Haploidentical hematopoietic stem cell transplantation (haplo-HSCT) is increasingly used as potentially curative option for pediatric patients affected by leukemia or other malignancies, as well as by several non malignant disorders such as primary immunodeficiencies, constitutional and acquired bone marrow failure syndromes, hemoglobinopathies and others.

Different techniques have been developed in order to overcome the HLA barrier and make HSCT feasible in virtually all patients. These approaches are mainly based on the in vitro physical removal of alloreactive T cells capable of mediating graft-versus-host disease (GVHD) or on in vivo pharmacological treatment with immunosuppressive drugs or immunomodulating agents.

The possibility to receive a transplant from a haploidentical donor (usually a parent) is particularly relevant both for children needing to have rapid access to this procedure, and for patients belonging to ethnic minorities or with rare HLA haplotypes that are underrepresented in the international voluntary donor registries.

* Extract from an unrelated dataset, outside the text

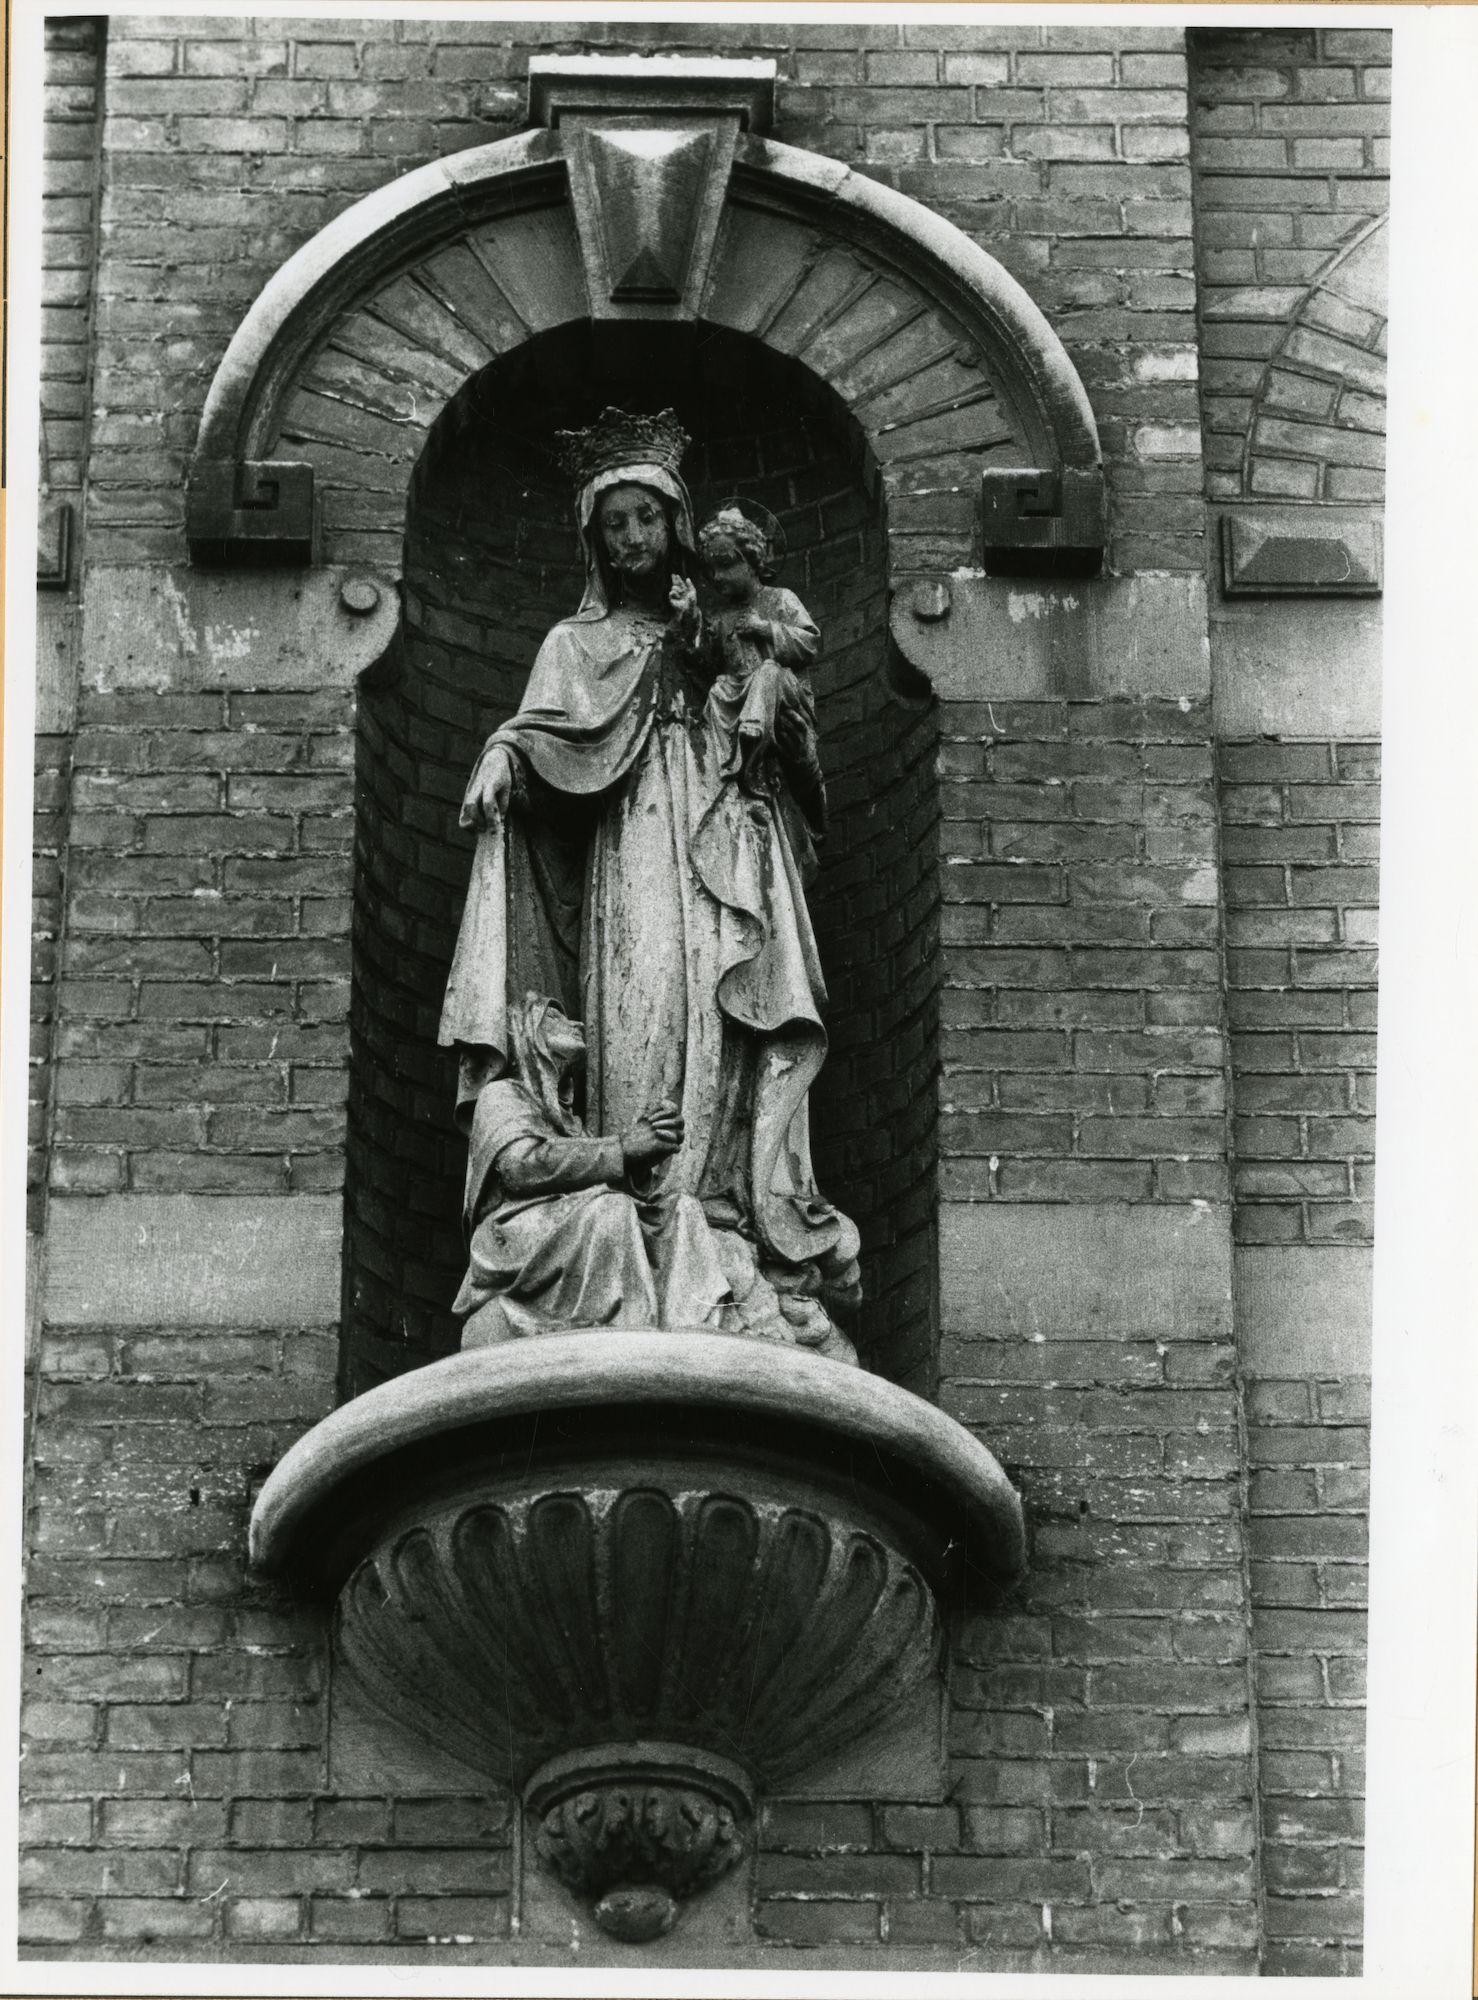 Gent: Coupure Links 179-181: kliniek Toevlucht van Maria: nis met beeld: Maria met Kind

The delayed immune reconstitution after haplo-HSCT may cause impaired graft-versus-leukemia (GVL) effect and defective control of potentially life-threatening opportunistic infections, thus increasing the risk of relapse and of transplant-related mortality (TRM). For this reason, several strategies of post-transplant adoptive cell therapy have been developed over time, from the use of donor lymphocyte infusions (DLI), to the administration of selected immunocompetent cell populations or genetically modified T lymphocytes, or the production of leukemia or pathogen-specific cytotoxic T cells (CTL) to be infused after the transplant.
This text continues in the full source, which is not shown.